There are various reasons why the new model is a better approach. The Coherence CRDs are deployed (or updated) by the Operator when it starts. In Kubernetes a CRD is a cluster scoped resource, so there can only be a single instance of any version of a CRD. We do not update the version of our CRD with every Operator release - we are currently at v1. This means that if two different versions of the Coherence Operator had been deployed into a Kubernetes cluster the version of the CRD deployed would only match one of the operators (typically the last one deployed) and this could lead to subtle bugs or issues due to version mis-matches. The second reason is due to version 3.1 of the operator introducing admission web-hooks (more on that below). Like CRDs, admission web-hooks are also really a cluster scoped resource so having multiple web-hooks deployed for a single CRD may cause issues.
It is possible to deploy the Coherence Operator with a list of namespaces to monitor instead of monitoring all namespaces, and hence it is possible to deploy multiple operators monitoring different namespaces, we just would not advise this.

Admission Web-Hooks

Version 3.1 of the operator introduced the use of admission web-hooks. In Kubernetes an admission web-hook can be used for mutating a resource (typically applying defaults) and for validating a resource.

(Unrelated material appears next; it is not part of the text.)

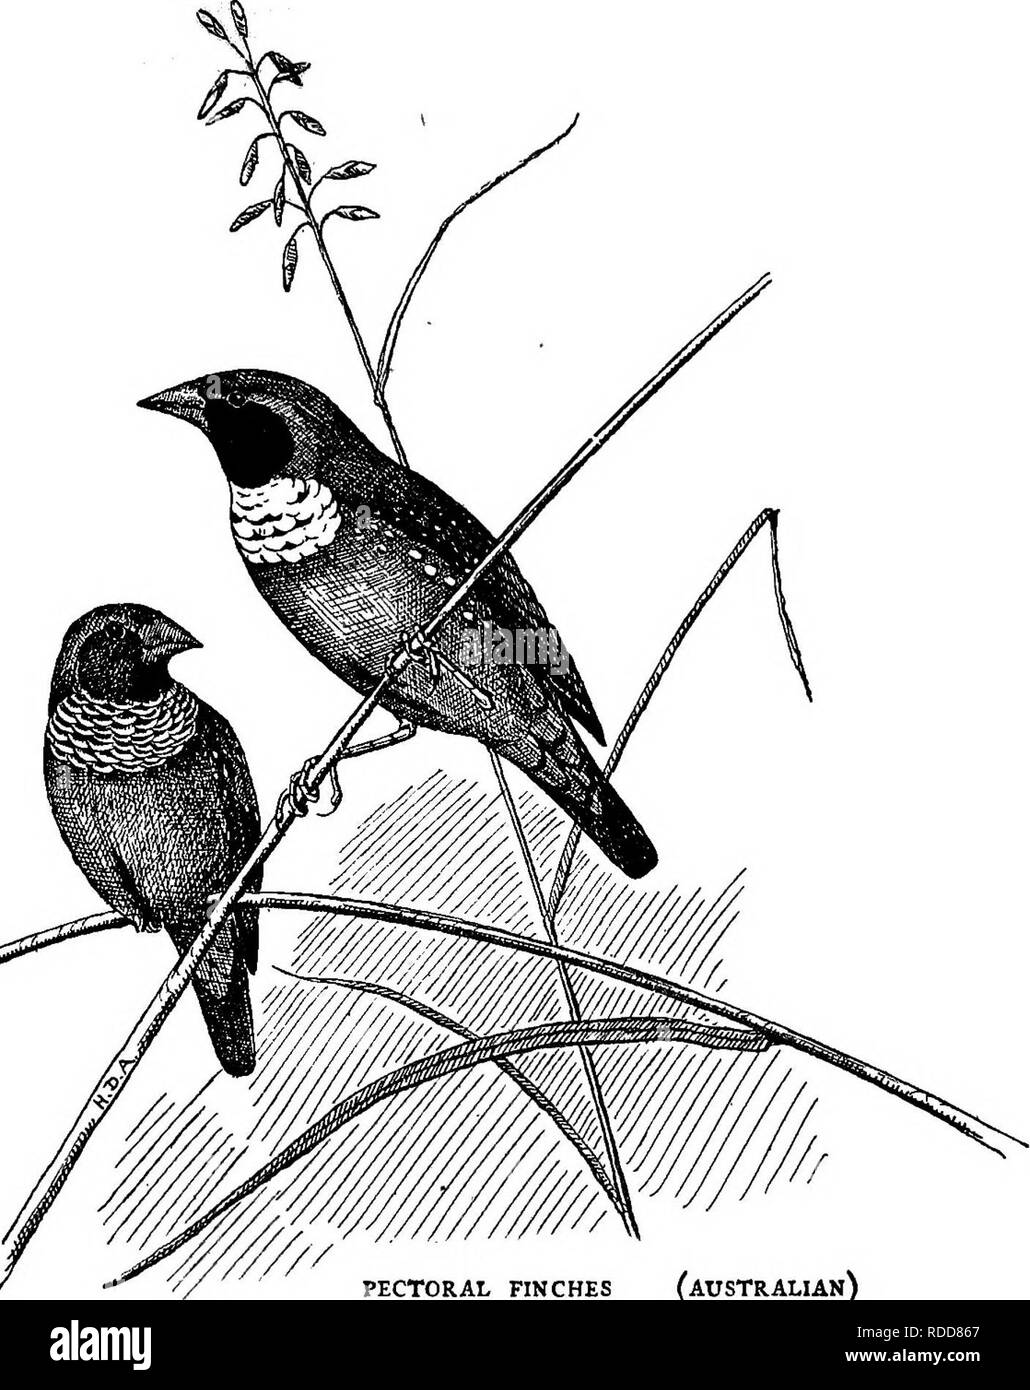 Pájaro residente Imágenes de stock en blanco y negro - Alamy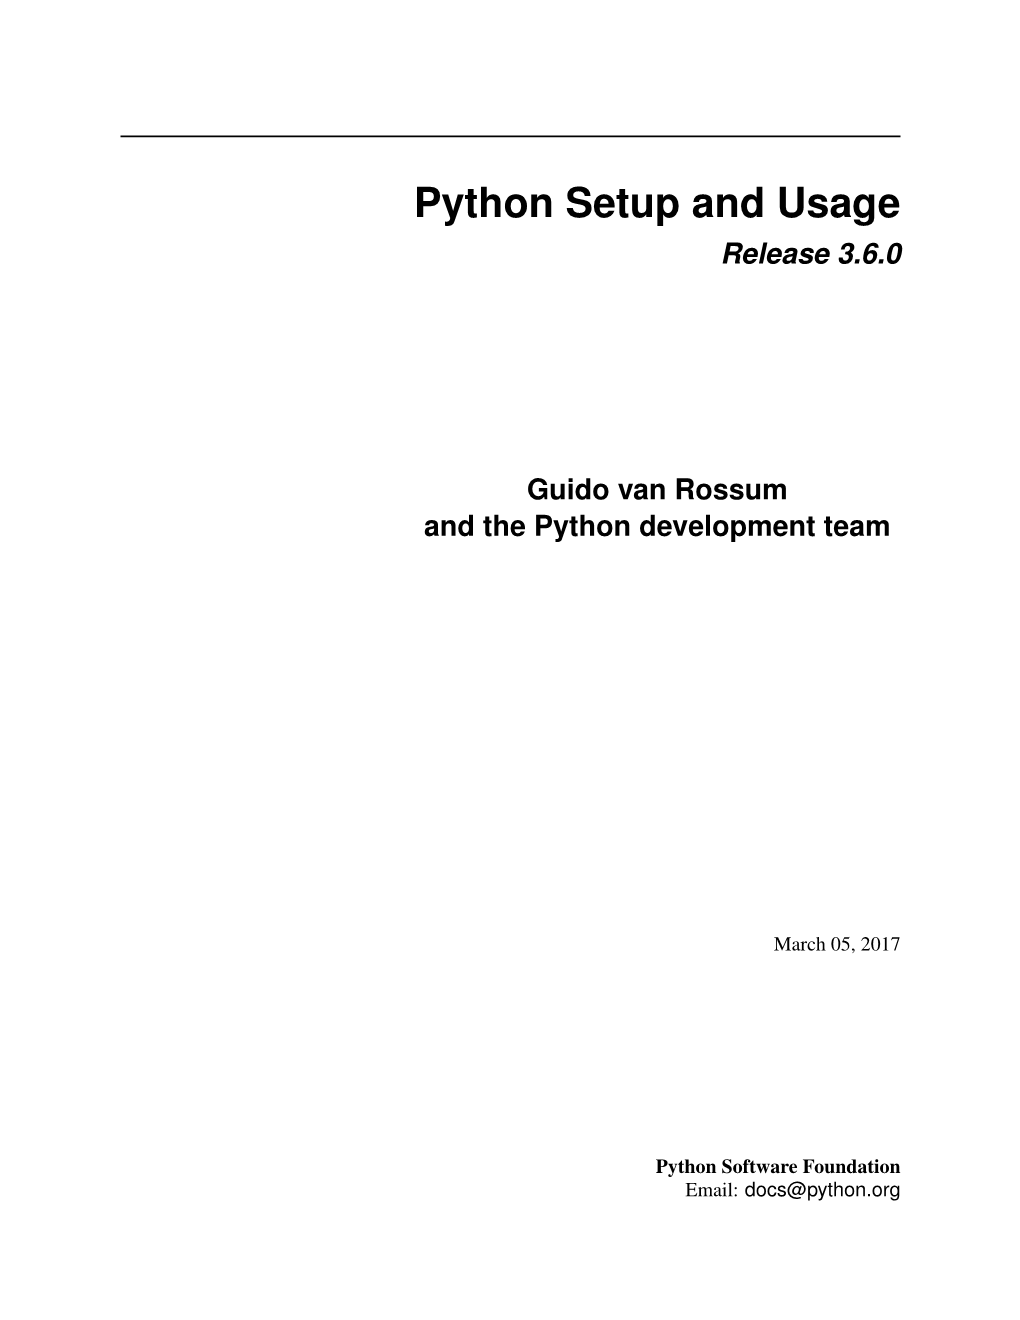 Python Setup and Usage Release 3.6.0

The Coherence Operator uses both of these, we apply default values to some fields, and we also validate fields when a Coherence resource is created or updated. In previous versions of the operator it was possible to see issues caused by creating a Coherence resource with invalid values in some fields, for example altering a persistent volume when updating, setting invalid NodePort values, etc. In previous versions these errors were not detected until after the Coherence resource had been accepted by Kubernetes and a StatefulSet or Service was created and subsequently rejected by Kubernetes causing errors in the operators reconcile loop. With a validation web-hook a Coherence resource with invalid values will not even make it into Kubernetes.

Kubernetes Autoscaler

Back in version 3.0 of the operator we supported the scale sub-resource which allowed scaling of a Coherence deployment using built in Kubernetes scale commands, such as kubectl scale. In version 3.1 we have taken this further with a full end-to-end example of integrating a Coherence cluster into the Kubernetes Horizontal Pod Autoscaler and showing how to scale a cluster based on metrics produced by Coherence. This allows a Coherence cluster to grow as its resource requirements increase, for example as heap use increases. This is by no means an excuse not to do any capacity planning for you applications, but does offer a useful way to use your Kubernetes resources on demand.

Graceful Cluster Shutdown

As a resilient data store Coherence handles Pods leaving the cluster by recovering the lost data from backup and re-balancing the cluster. This is all great and exactly what we need but not necessarily when we actually just want to stop the whole cluster at once. Pods will not all die together, and those left will be working hard to recover as other Pods leave the cluster. If a Coherence resource is deleted from Kubernetes (or if it is scaled down to a replica count of zero) the Coherence Operator will now suspend all storage enabled cache services in that deployment before Pods are stopped. This allows for a more controlled cluster shut-down and subsequent recovery when brought back up.

Spring Boot Image Support

Spring Boot is a popular framework that we have big plans for in upcoming Coherence CE releases. One feature of Spring Boot is the way it packages an application into a jar, and then how Spring Boot builds images from the application jar. This could lead to problems trying to deploy those types of application using the Coherence Operator. The simplest way to package a Spring Boot application into an image for use by the Coherence Operator is to use JIB. The JIB Gradle or Maven plugins will properly package a Spring Boot application into an image that just works out of the box with the Coherence Operator.
Spring Boot images built using the latest Spring Boot Gradle or Maven plugins use Cloud Native Buildpacks to produce and image. The structure of these images and how they are run is quite different to a simple Java application. There are pros and cons with this, but as a popular framework and tooling it is important the Coherence Operator can manage Coherence applications built and packaged this way. With version 3.1 of the operator these images can be managed with the addition of one or two extra fields in the Coherence resource yaml.
Finally, if you really wish to put your Spring Boot fat-jar into an image (and there are reasons why this is not recommended) then the Coherence resource has configuration options that will allow this to work too.

Tested on Kubernetes 1.19

With the recent release of Kubernetes 1.19 we have added this to our certification test suite. We now test the Coherence Operator on all Kubernetes versions from 1.12 to 1.19 inclusive.